Color Science for Artificial Intelligence: COLORBENCH Tests the Color Understanding of Vision-Language Models

Color plays a central role in human perception and is essential for fields like medical imaging, remote sensing, and product recognition. But how well do Artificial Intelligences (AI) understand color? A new benchmark called COLORBENCH aims to systematically investigate this question and put the color perception of Vision-Language Models (VLMs) to the test.

VLMs combine image and text processing to solve complex tasks, such as describing images or answering questions about visual content. COLORBENCH, developed by a research team at the University of Maryland, is the first benchmark specifically dedicated to the color perception of these models. It comprises eleven tasks with a total of 1,448 instances and 5,814 image-text queries, covering three main dimensions: color perception, color understanding, and robustness to color changes.

The tasks range from simple color recognition and estimation of color proportions to counting objects with specific colors and resilience to known optical illusions. One example: The models must deliver consistent results when certain image segments are rotated through different colors. Another test examines how well the models can recognize colors under conditions of simulated color blindness.

32 common VLMs, including GPT-4o, Gemini 2, and various open-source models with up to 78 billion parameters, were tested with COLORBENCH. The results show that larger models generally perform better, but the effect is less pronounced than with other benchmarks. The performance difference between open-source and proprietary models is also comparatively small.

All tested models showed particularly weak performance in tasks such as counting colors or tests for color blindness, with accuracy often below 30%. Even in color extraction, where the models were supposed to identify specific HSV or RGB values, large models mostly achieved only mediocre results. They performed better in tasks that involved object recognition or color recognition in the context of objects. The researchers attribute this to the nature of the training data.

Interestingly, color information can also mislead VLMs. In tasks with optical illusions or camouflaged objects, the performance of the models improved when the images were converted to grayscale. This suggests that color information was misleading rather than helpful in these cases. Conversely, some tasks could not be meaningfully solved without color information.

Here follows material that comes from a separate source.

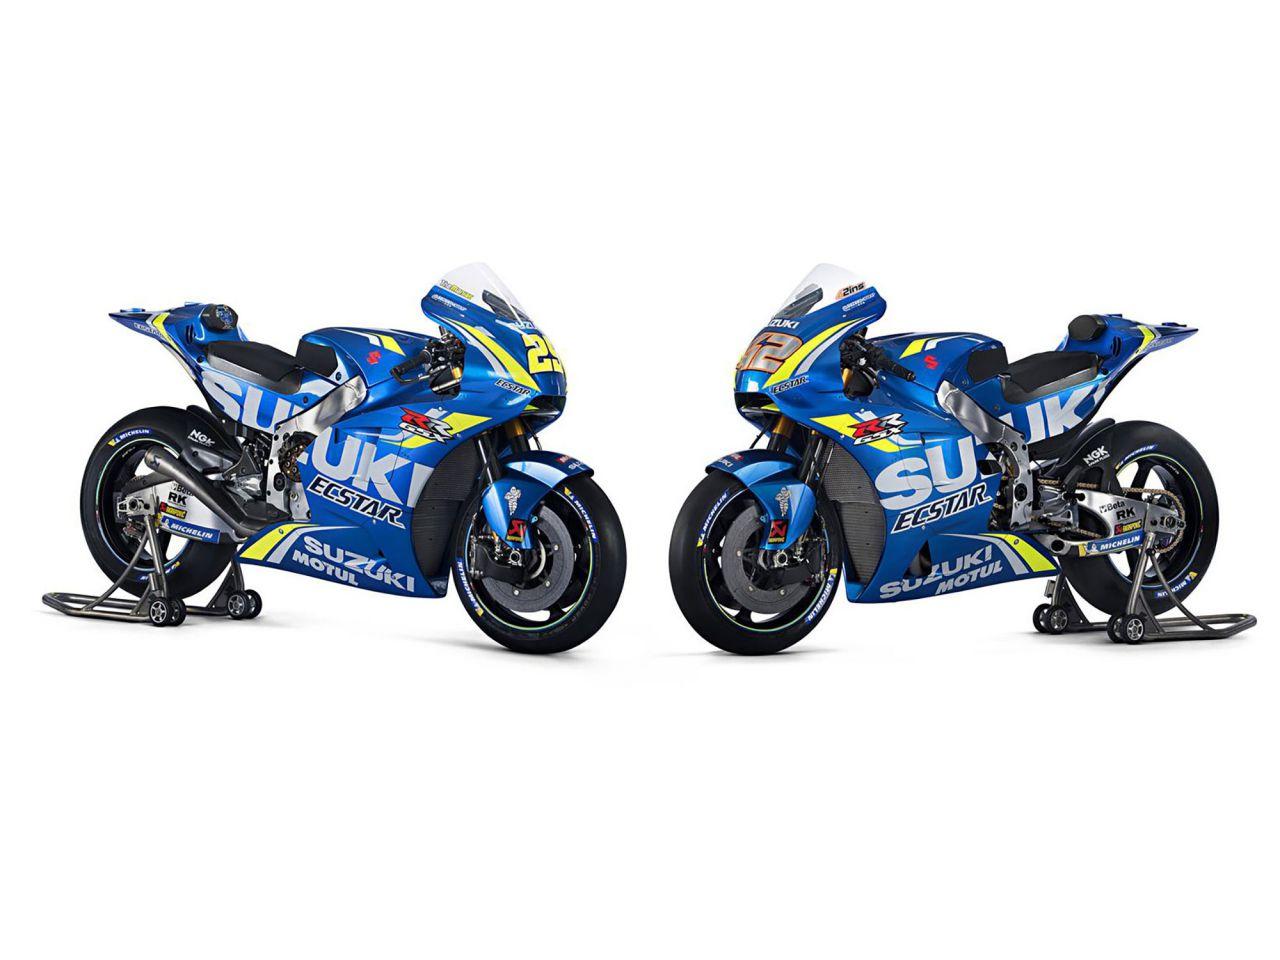 Powrót SUZUKI do MotoGP z GSX-RR!
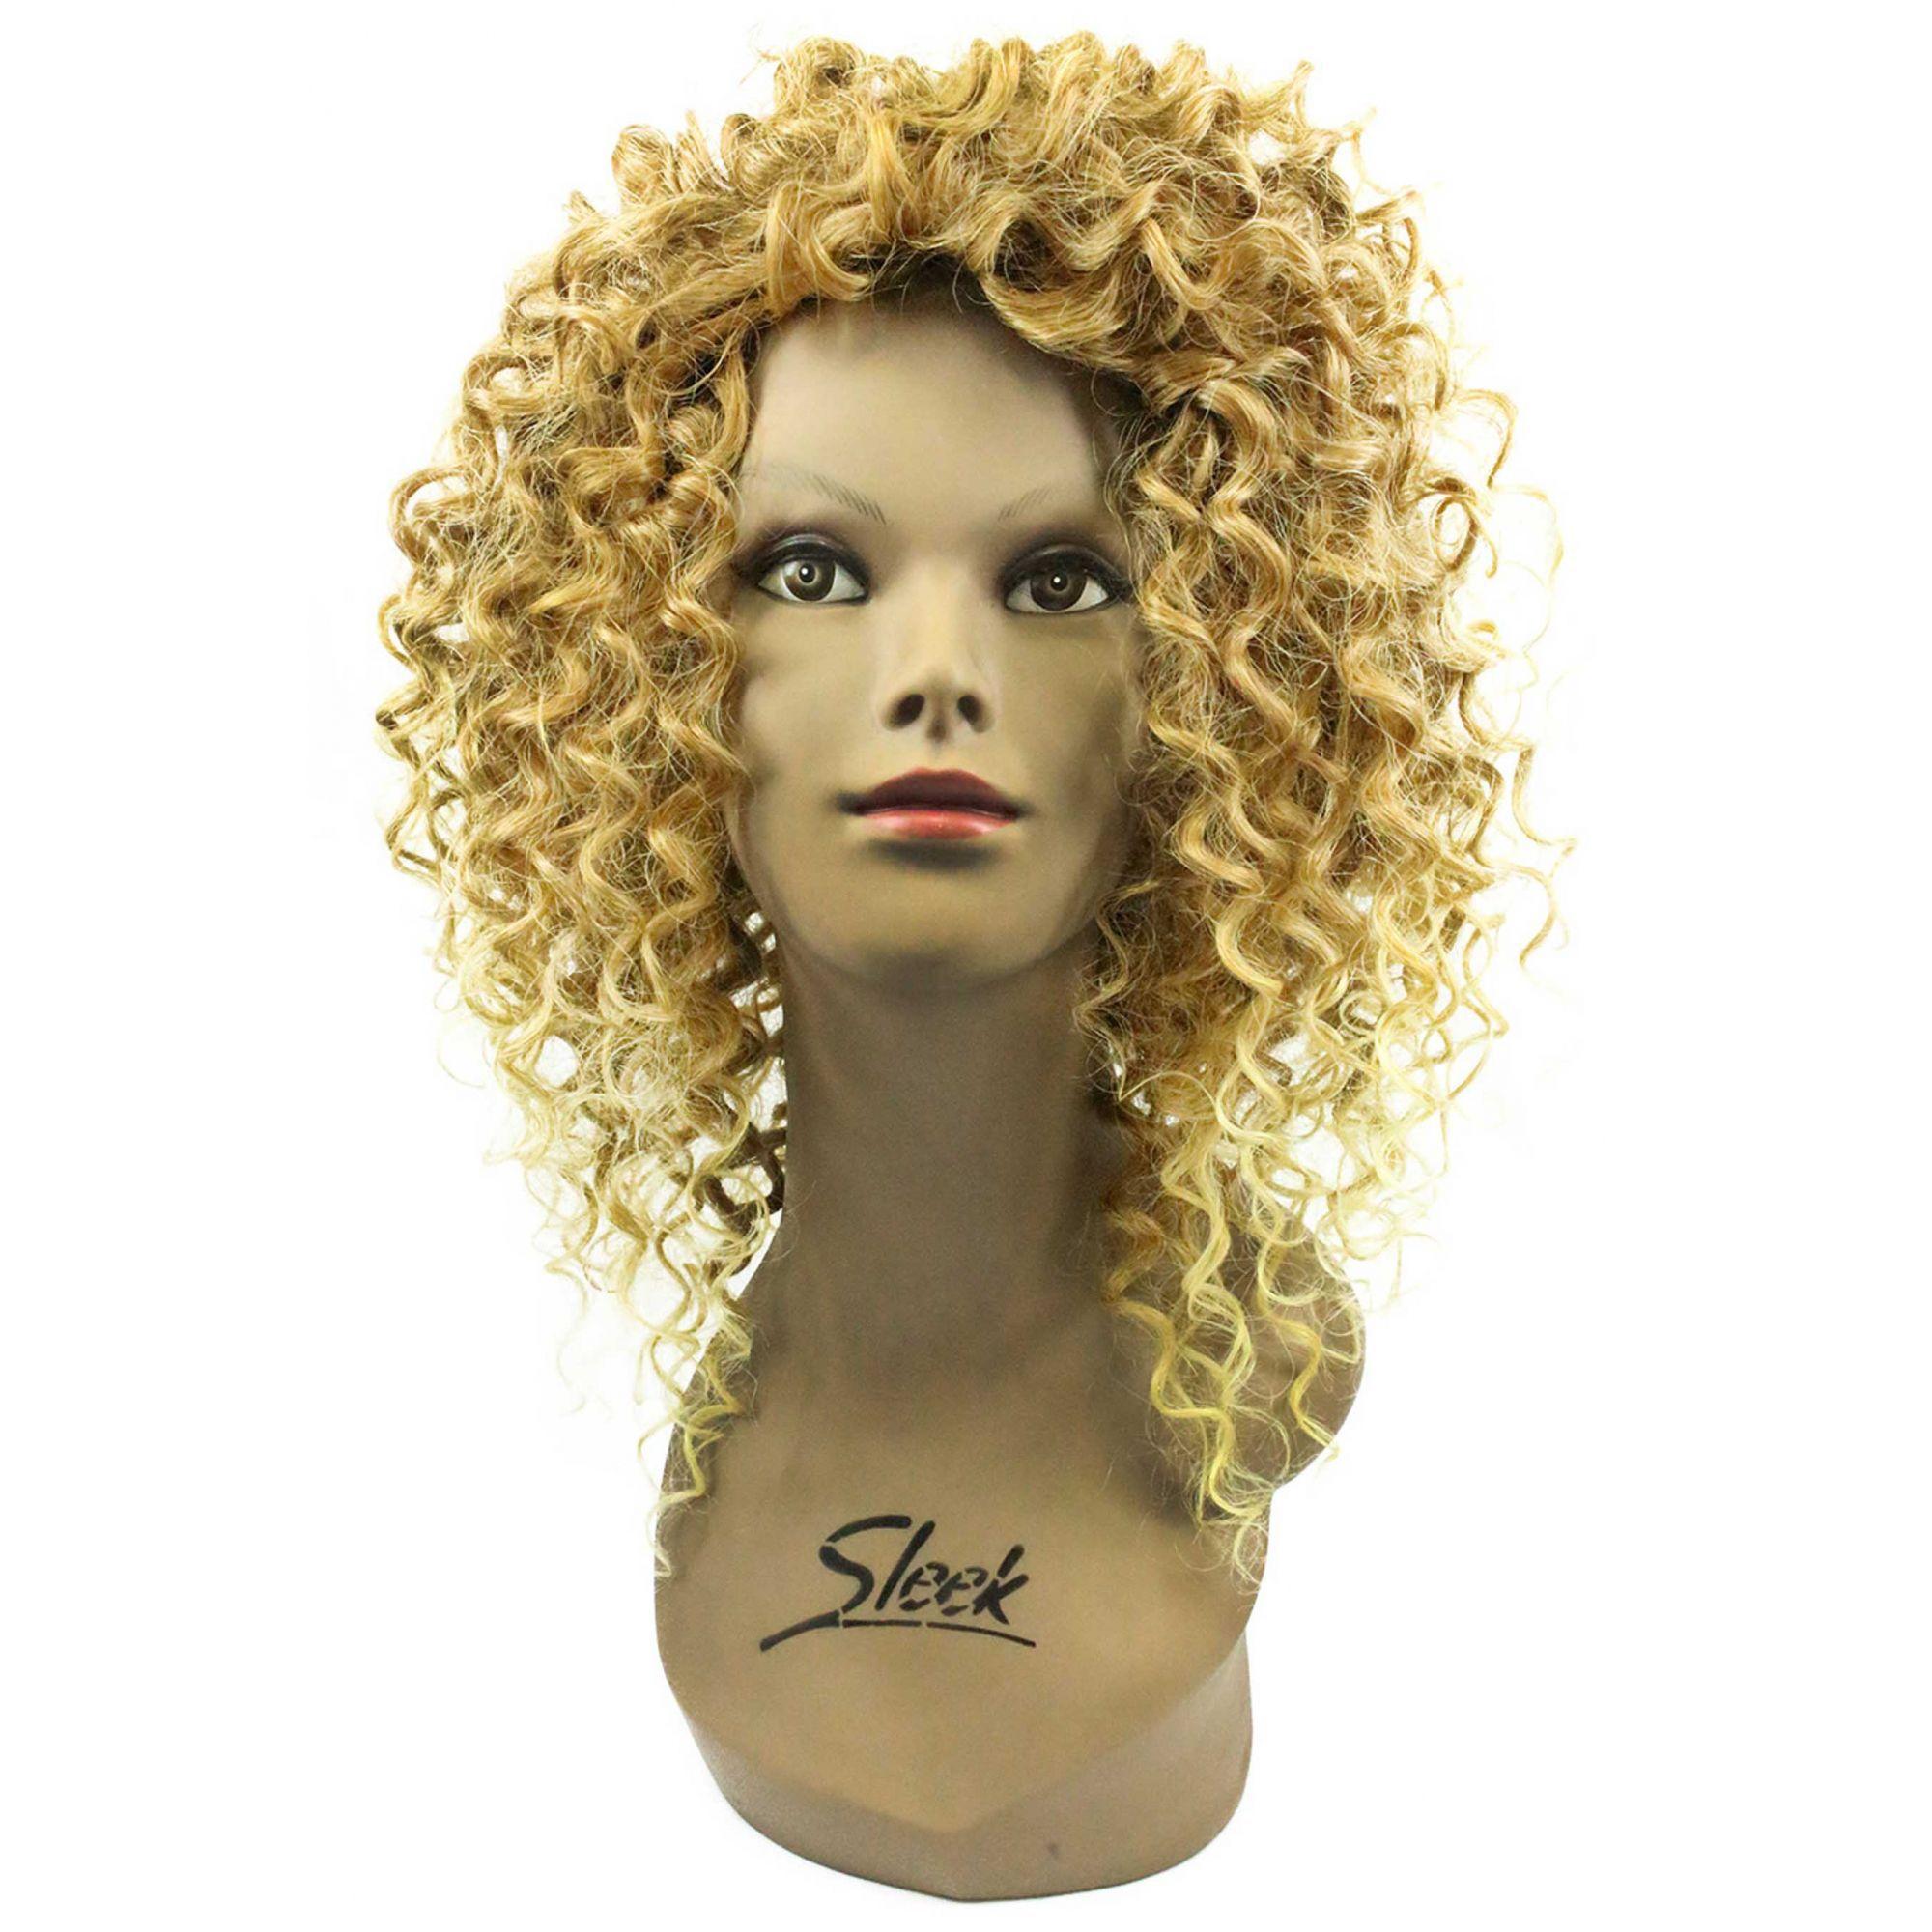 Cabelo Orgânico - Sleek Fashion Idol True Me - Lia

The study also found that Chain-of-Thought (CoT) Reasoning not only increased performance in reasoning tasks but also robustness to color changes – even though only the image colors and not the questions were changed. With CoT prompting, for example, the robustness value of GPT-4o increased from 46.2% to 69.9%.

A structural problem of current VLMs identified by the researchers is the limited scaling of the vision encoders. The performance of the models correlated more strongly with the size of the language model than with the size of the vision encoder. Most vision encoders are relatively small, with 300 to 400 million parameters, which limits the assessment of their role in color understanding. The team therefore recommends further development of the visual components.

COLORBENCH is publicly available and aims to support the development of more color-sensitive and robust vision-language systems. Future versions of the benchmark are planned to include tasks that combine color with texture, shape, and spatial relationships.